I'm a big fan of Tom Peters. Not just because
he genuinely interacts with his followers on Twitter, not just
because he's passionate about what he writes about, and not just because he
presents (presentations, books) in some pretty cool ways. I'm a fan because he
has some great ideas.
If you look back to his book
"Re-imagine, business excellence in a disruptive age", which was written nearly
a decade ago, so much of it remains fresh and inspiring (and you should buy a
copy if you've not seen it - it was required reading by my General Counsel when
I was an in-house lawyer!).
But there's one concept, right at
the heart of the book that seems more appropriate than ever in the legal
marketplace right now. Tom describes the principle as "From cost centre to
stardom - the professional service firm (PSF) transformation".

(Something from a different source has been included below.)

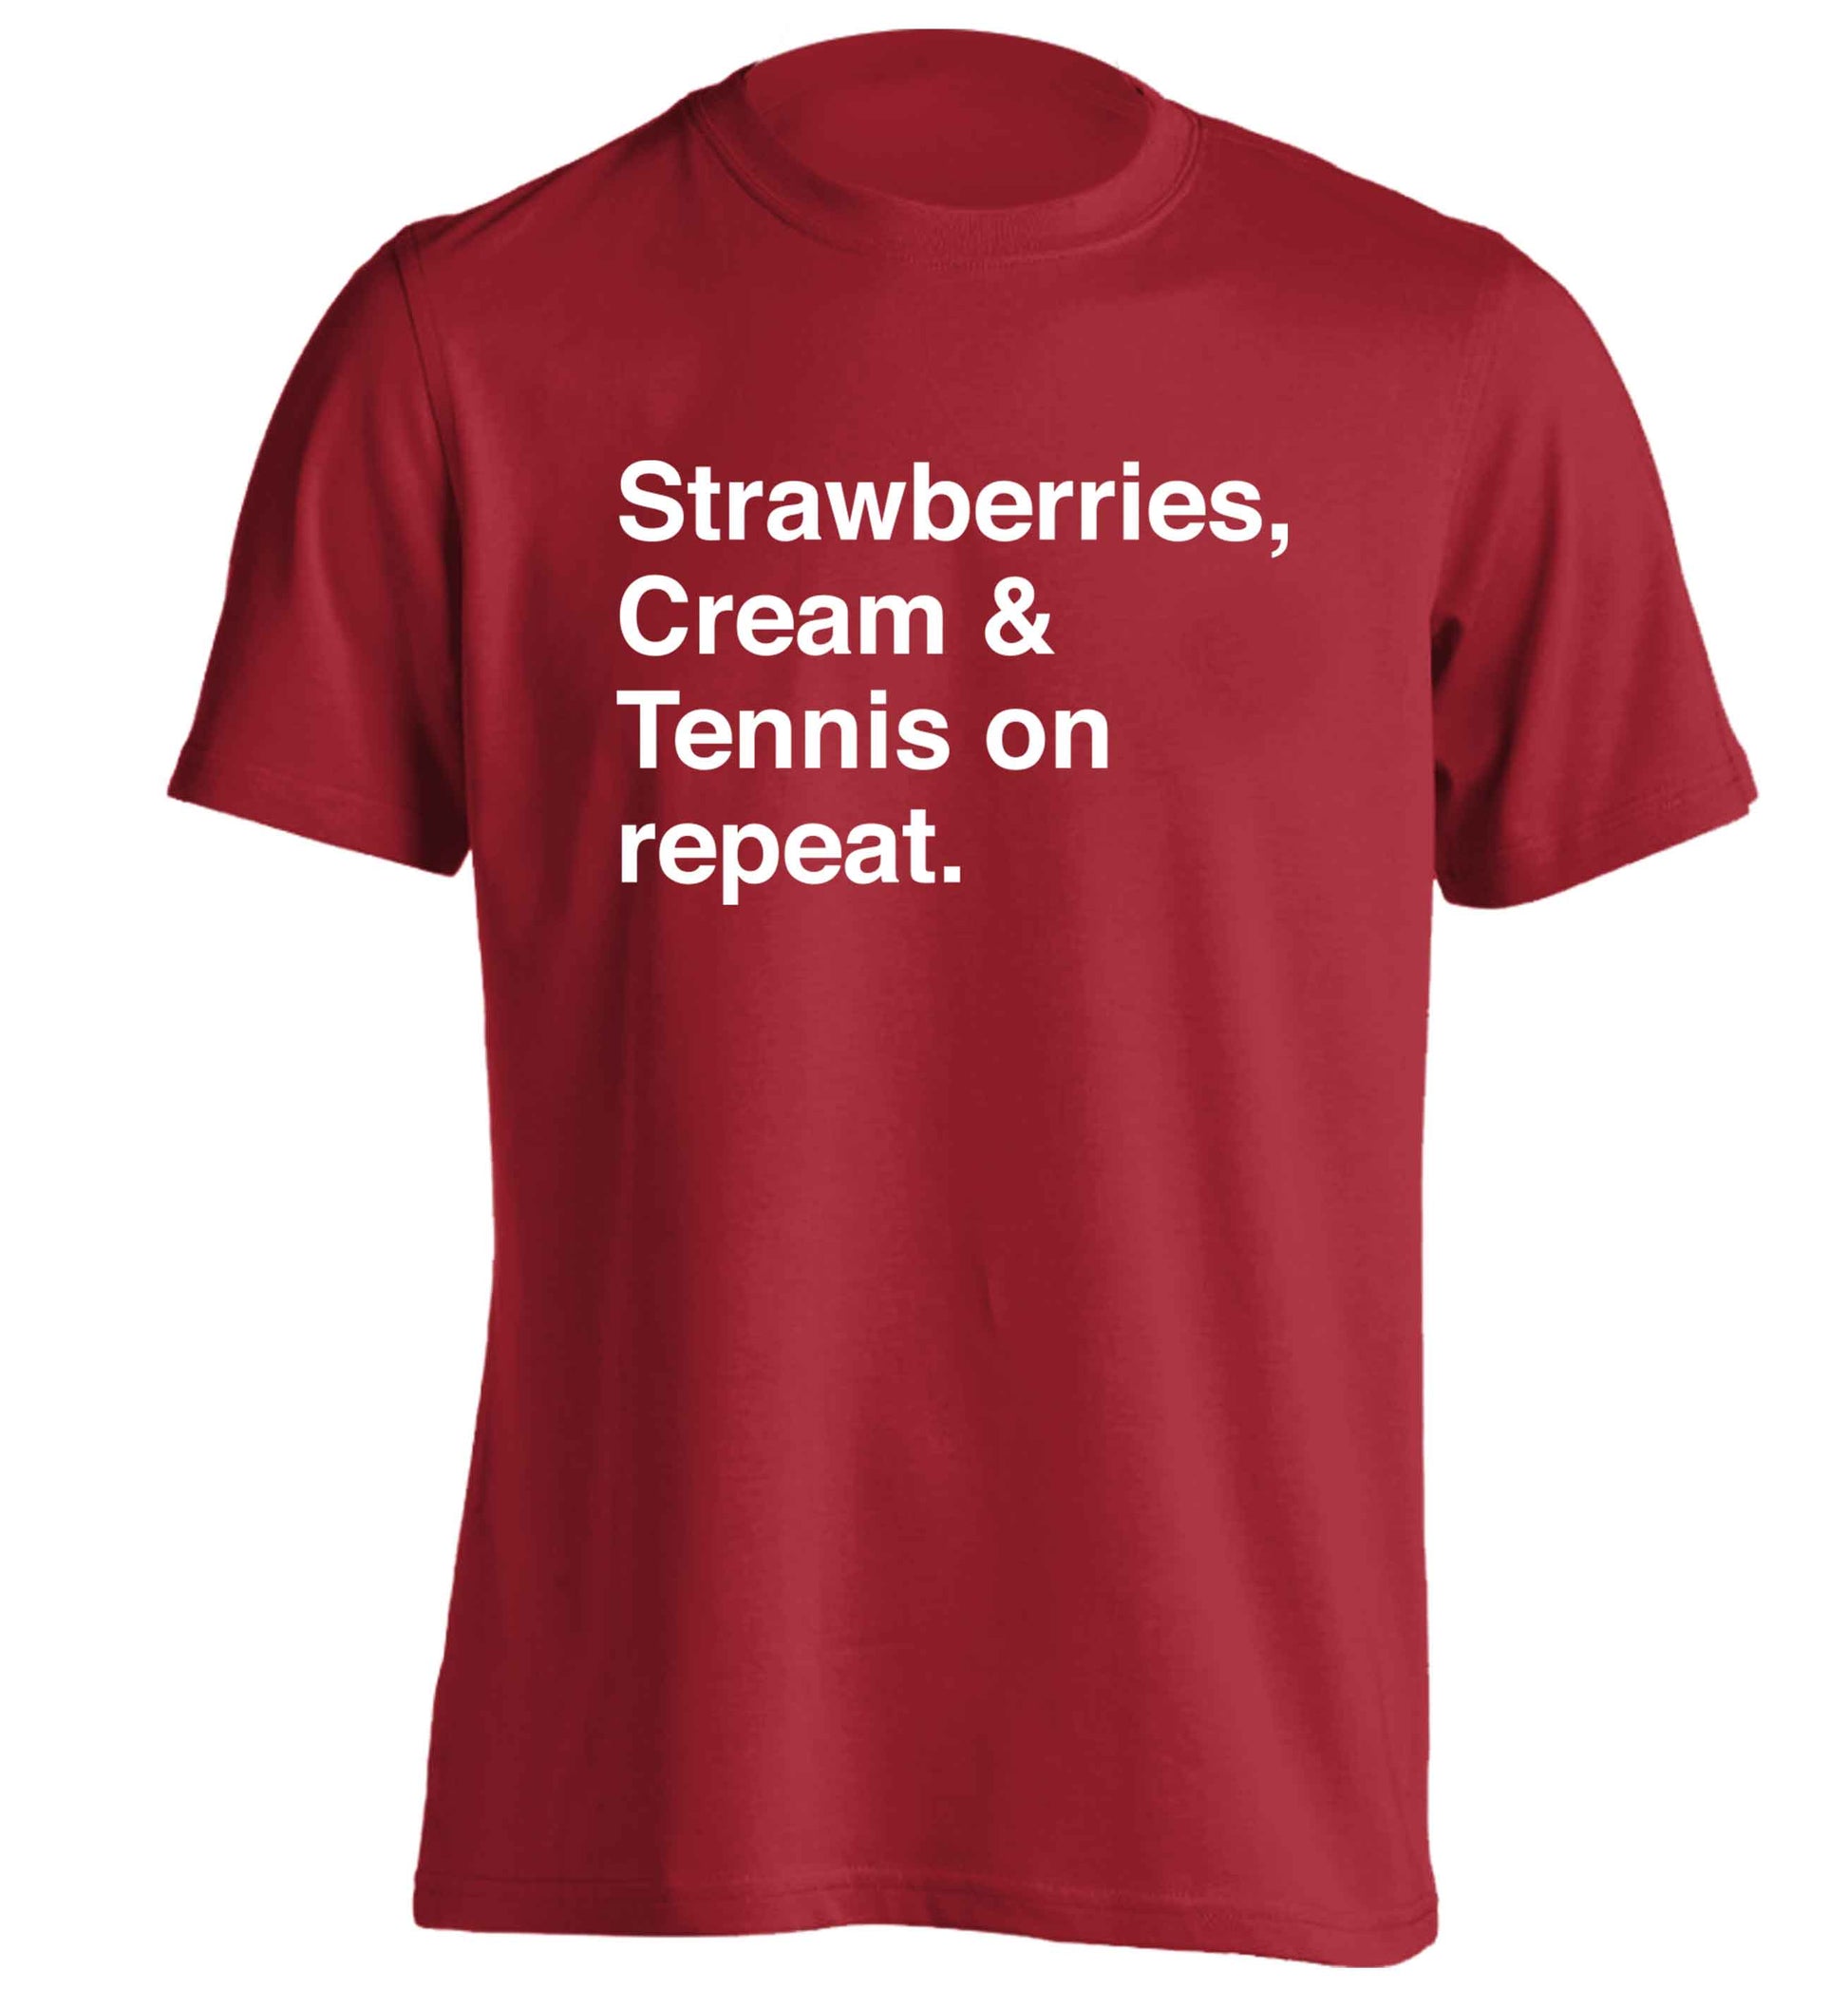 Strawberries, cream and tennis on repeat adults unisex red Tshirt 2XL

Let me outline some of the detail
behind this principle, and then I'll tell you why I think it's SO relevant
right now.
Tom starts by ranting (his words!)
that aiming to improve departmental efficiency and effectiveness is no longer
enough. Heard about effectiveness and efficiency in the context of corporate
law departments recently? It's the opening paragraph of pretty much every
report about General Counsel these days. Hell, I've written about it myself!
He goes on to assert that working 50
hour weeks in a cost centre is not sustainable - rote work will be outsourced
and the core that remains will be the traditional domain of the PSF - the
accumulation and application of creative intellectual capital. With the amount
of publicity the legal process outsourcing business is getting these days, this
shouldn't seem farfetched for General Counsel either.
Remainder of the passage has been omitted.